In our case, the previous password change page had a common master page with the entire project, and a bunch of different third-party libraries were already loaded on it. Do not repeat our mistakes, immediately make it safe. The new page to which the link leads and the password is driven in does not use any third-party libraries.


6. Eliminate technical support from the process (without emergency)
Let the user change the password himself, the operation is simple and easily automated. I requested the password, received the link and updated everything. Easy! Only in extreme cases, the support department is connected to the process - and only if the user himself could not change the password.


Problematic applications are handled by specialists who delve into the technical causes of errors and are able to independently correct them.


7. Make technical support a beautiful UI - they will be pleased
Simplify the work of technical support staff by showing applications for password changes not in Sharepoint, but in a beautiful UI of a special application system. It will be easier to work and more enjoyable too.


8. Write a history of errors
A technical support employee will work faster if he immediately sees in the application what exactly happened when the user was unable to change the password, that is, the entire history of errors that the user received. It’s much easier to understand the reasons given this information.


For example, the user does not understand what special characters are, or does not see a message that the password must contain uppercase letters. They have a lot of ways to find this application: by login, by the time when he left this application, etc.



9. Give technical support the opportunity to change the password.
Give the technical support service the ability to change the password yourself and tell it to the user. Sometimes it is very necessary. It is advisable that this password change also be done in safe mode - the page rises in a separate browser window and is made without third-party libraries. After the user confirms that everything is ready, it will close on its own.

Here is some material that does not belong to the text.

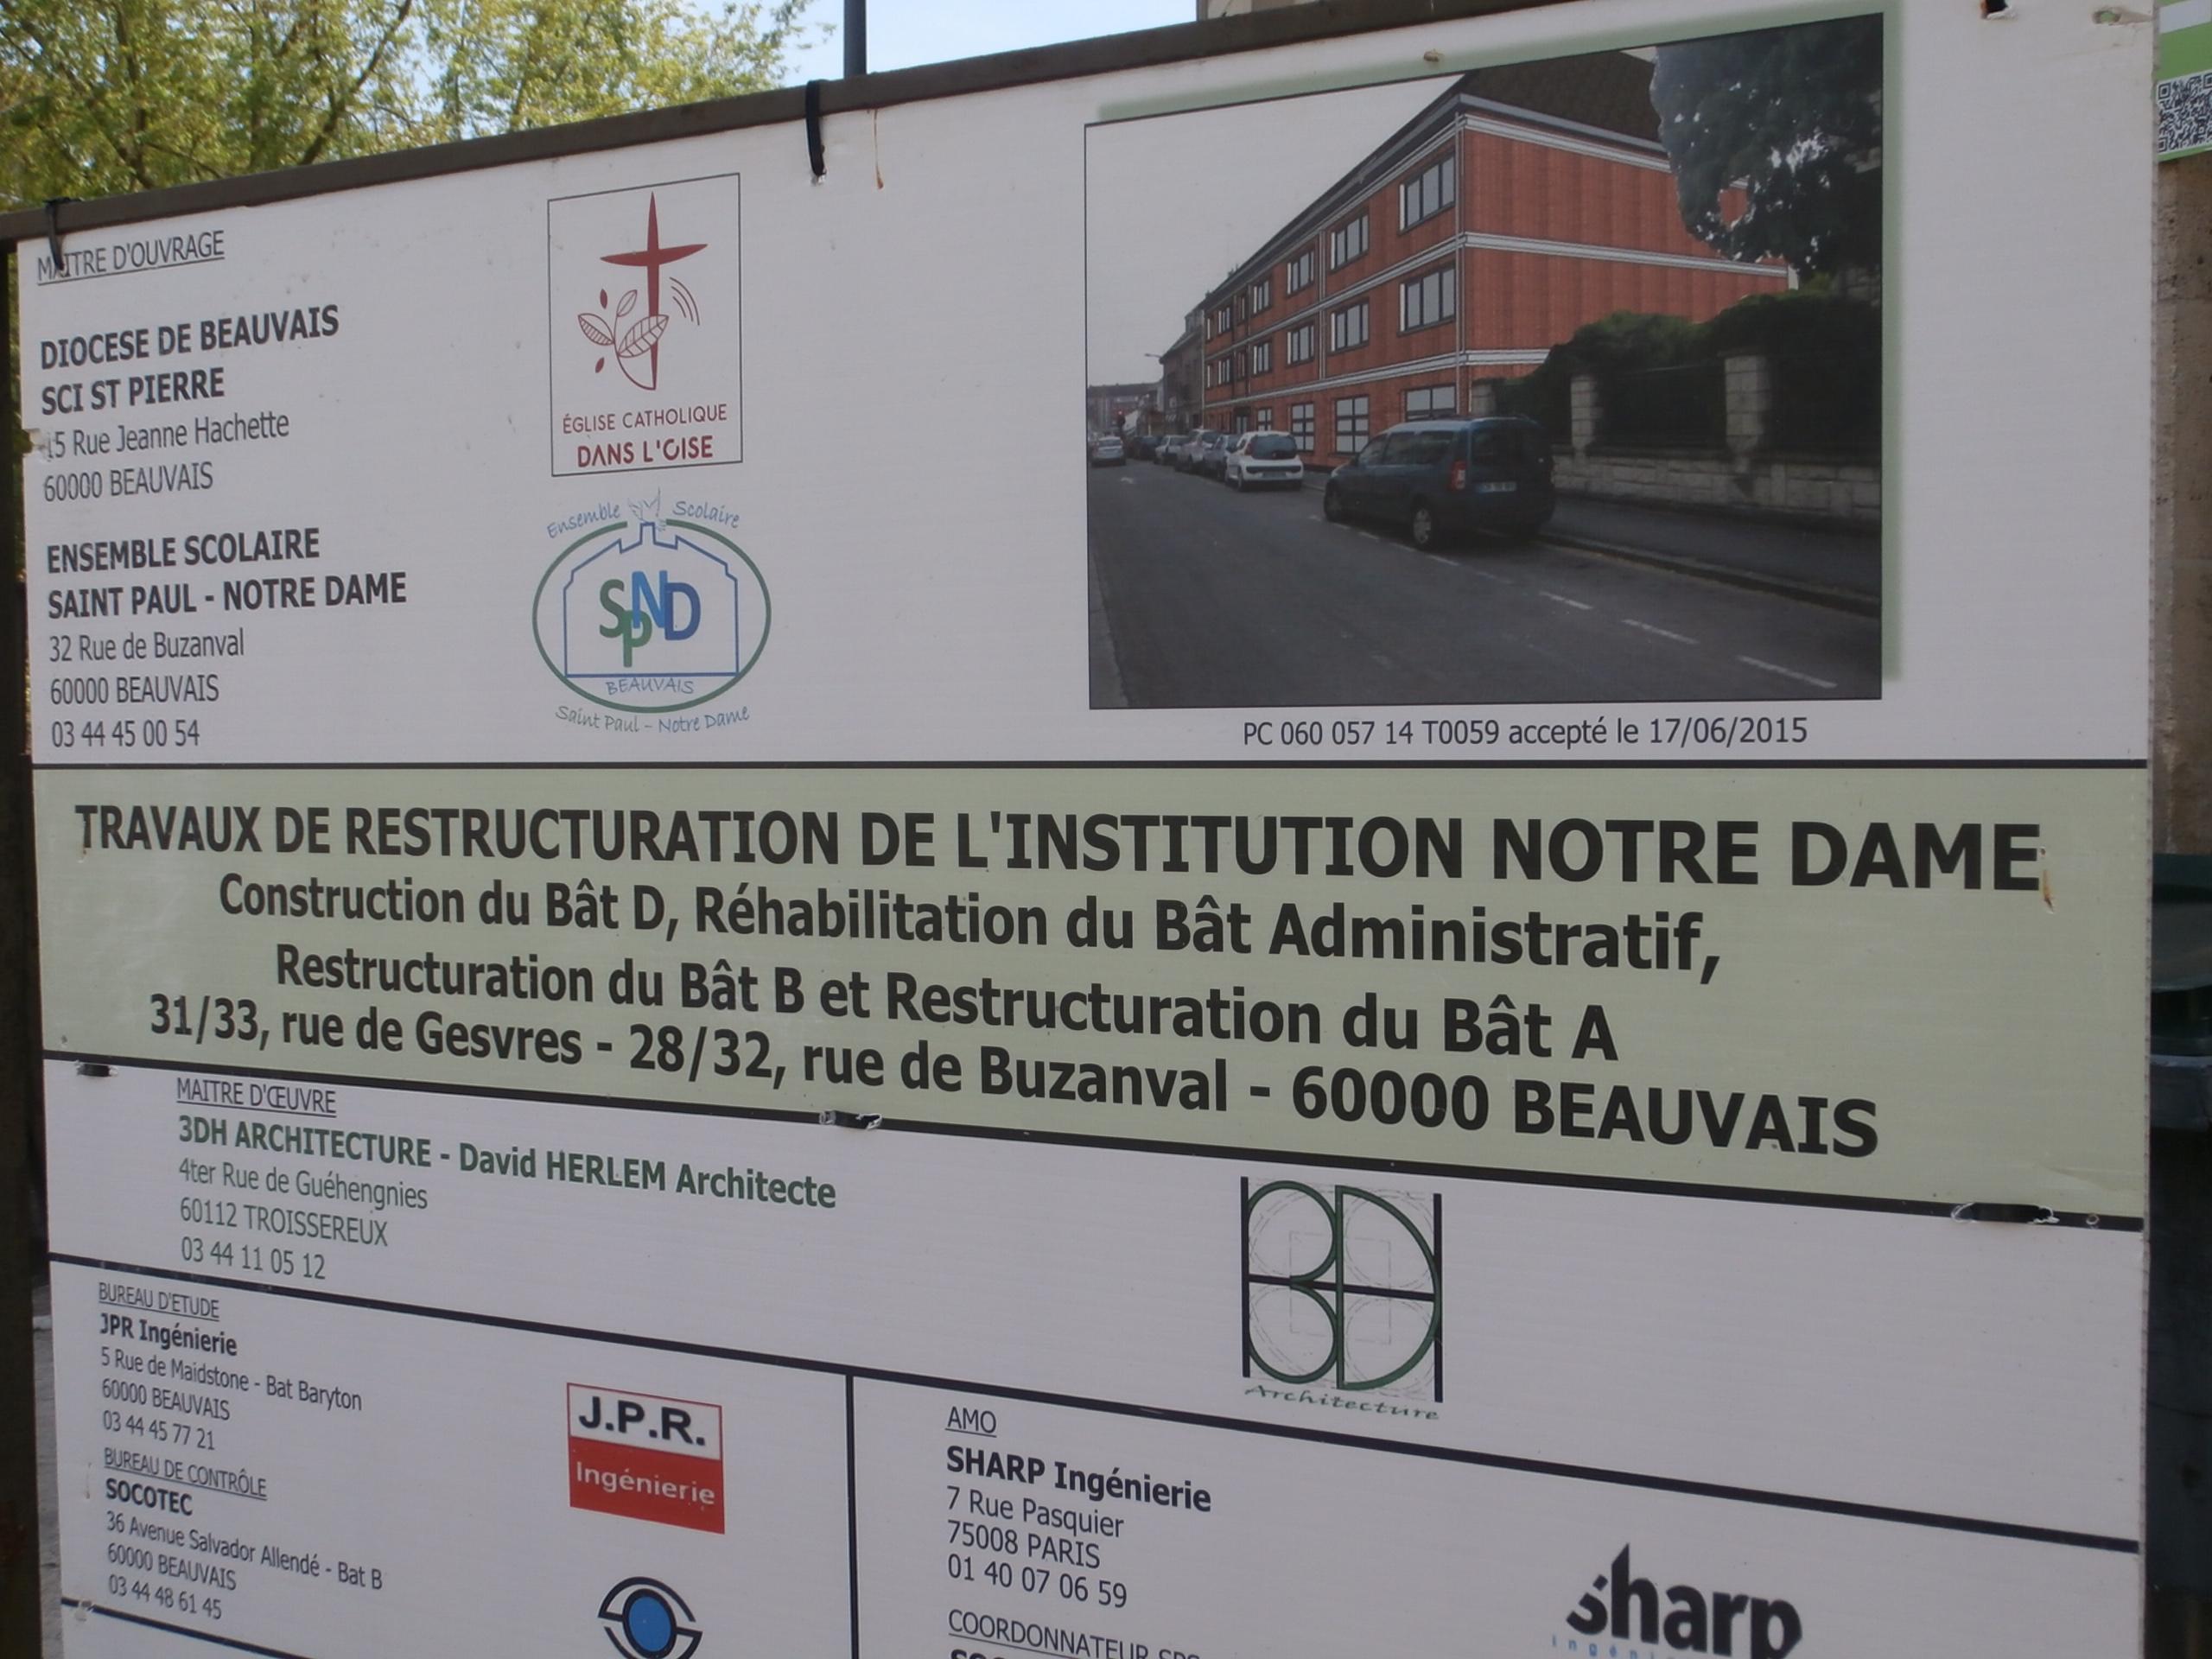 Ensemble Scolaire Saint-Paul - Notre-Dame Beauvais

10. Monitor requests and track dynamics.
We set up monitoring using Serilog. In ELK, we reset the event, and then through Grafana we monitor four types of situations when the user requested a password change:


a. Green line - the user was found in the domain,


b. Red line - user login was not found in the domain. For us, the second action is a marker. If this graph creeps up, it exceeds one attempt per day, this may mean that some unscrupulous comrade is trying to collect the base.

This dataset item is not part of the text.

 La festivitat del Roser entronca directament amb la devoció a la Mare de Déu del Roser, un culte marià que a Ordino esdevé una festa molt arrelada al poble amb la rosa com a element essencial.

We can quickly respond to this by disabling IP. Further, this activity can be automated - for example, automatically disconnect IP after ten requests. But this does not always work, as some companies are surfing the Internet from one IP address, so for now we are just monitoring this chart. He is constantly looked at by a support service. And if he suddenly goes up, in the moment we will decide what to do.


c. Green line - the user has successfully requested a password change and opened the necessary link, respectively, we assume that everything is fine.


d. Red line - the user could not open the page with a password change. The link was with a non-existent ID, deprecated, etc. It is rather strange to assume that some hacker is trying to iterate over unique identifiers in order to catch those who are trying to change the password. But in principle, we can monitor these events - and if we see that this chart has gone up, we can analyze the events and see what happens. For example, it may turn out that the ID is broken, a piece is cut off from it and the link in the email is inserted clumsily.



As a result, we have four schedules and a continuous towel of events, where we can understand what happened. All instructions for setting up Grafana are here .



So we achieved our goals: we automated the password change, freeing up the administrator’s working time for more important tasks, and made the process as safe as possible. We hope this checklist helps you verify yourself in a similar task.